__Extracted entries__:
◆ ◆ ◆
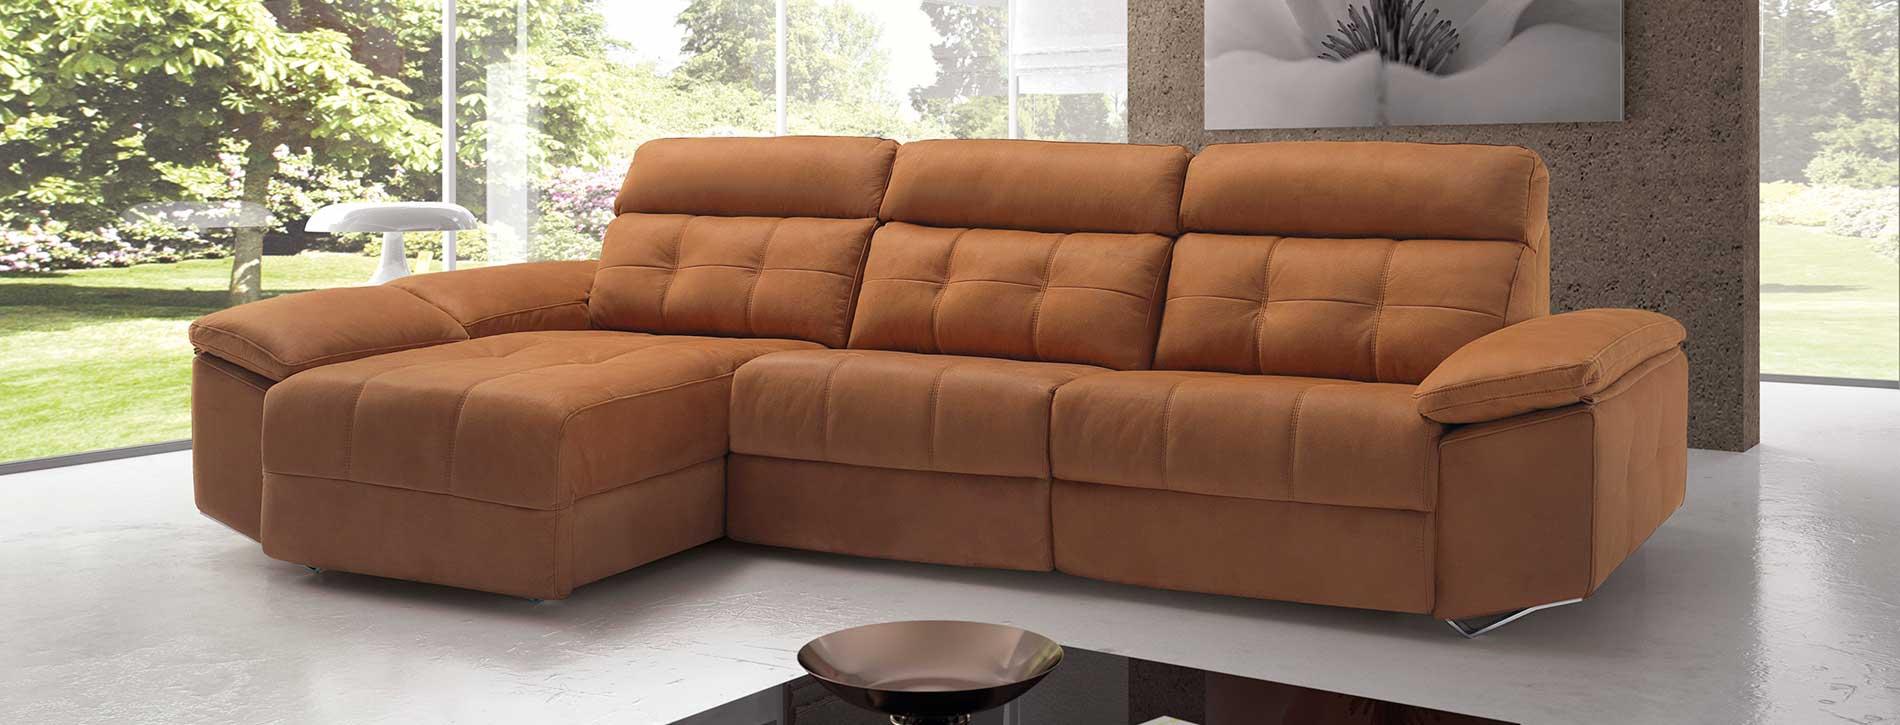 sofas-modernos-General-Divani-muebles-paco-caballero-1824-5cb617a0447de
◆ ◆ ◆
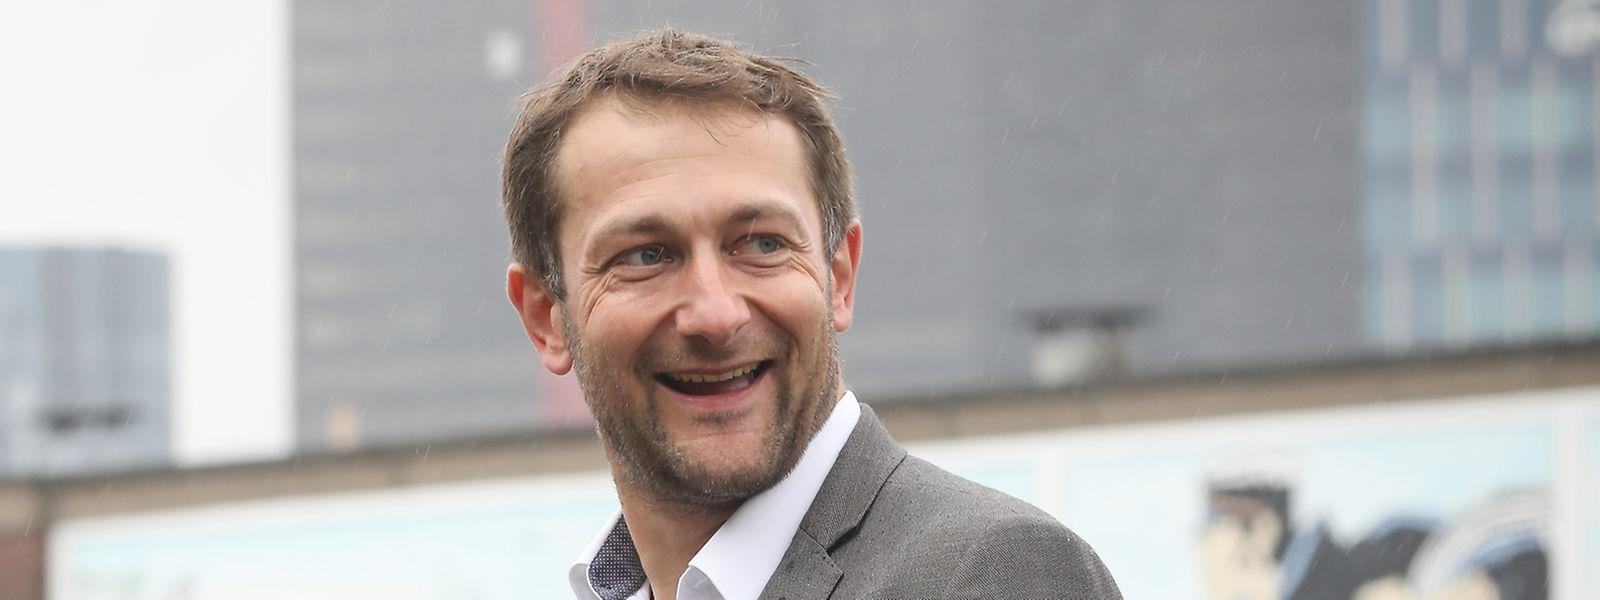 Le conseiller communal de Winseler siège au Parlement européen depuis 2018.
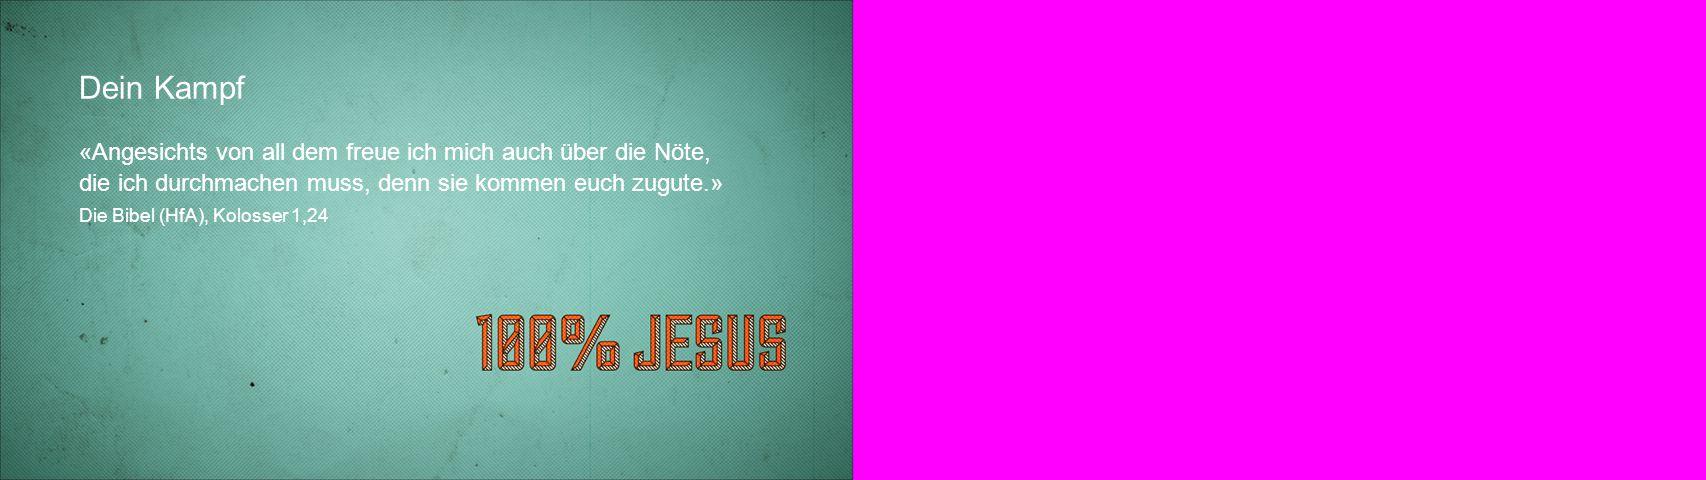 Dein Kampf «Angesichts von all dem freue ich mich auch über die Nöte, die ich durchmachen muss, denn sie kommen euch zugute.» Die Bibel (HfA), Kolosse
◆ ◆ ◆
__Brief__: Above are the records. Copy word for word only their lines from the one holding "Le conseiller communal" through the one holding "Bibel (HfA), Kolosse", both included, and skip the images.

__Result__:
 Le conseiller communal de Winseler siège au Parlement européen depuis 2018.
 Dein Kampf «Angesichts von all dem freue ich mich auch über die Nöte, die ich durchmachen muss, denn sie kommen euch zugute.» Die Bibel (HfA), Kolosse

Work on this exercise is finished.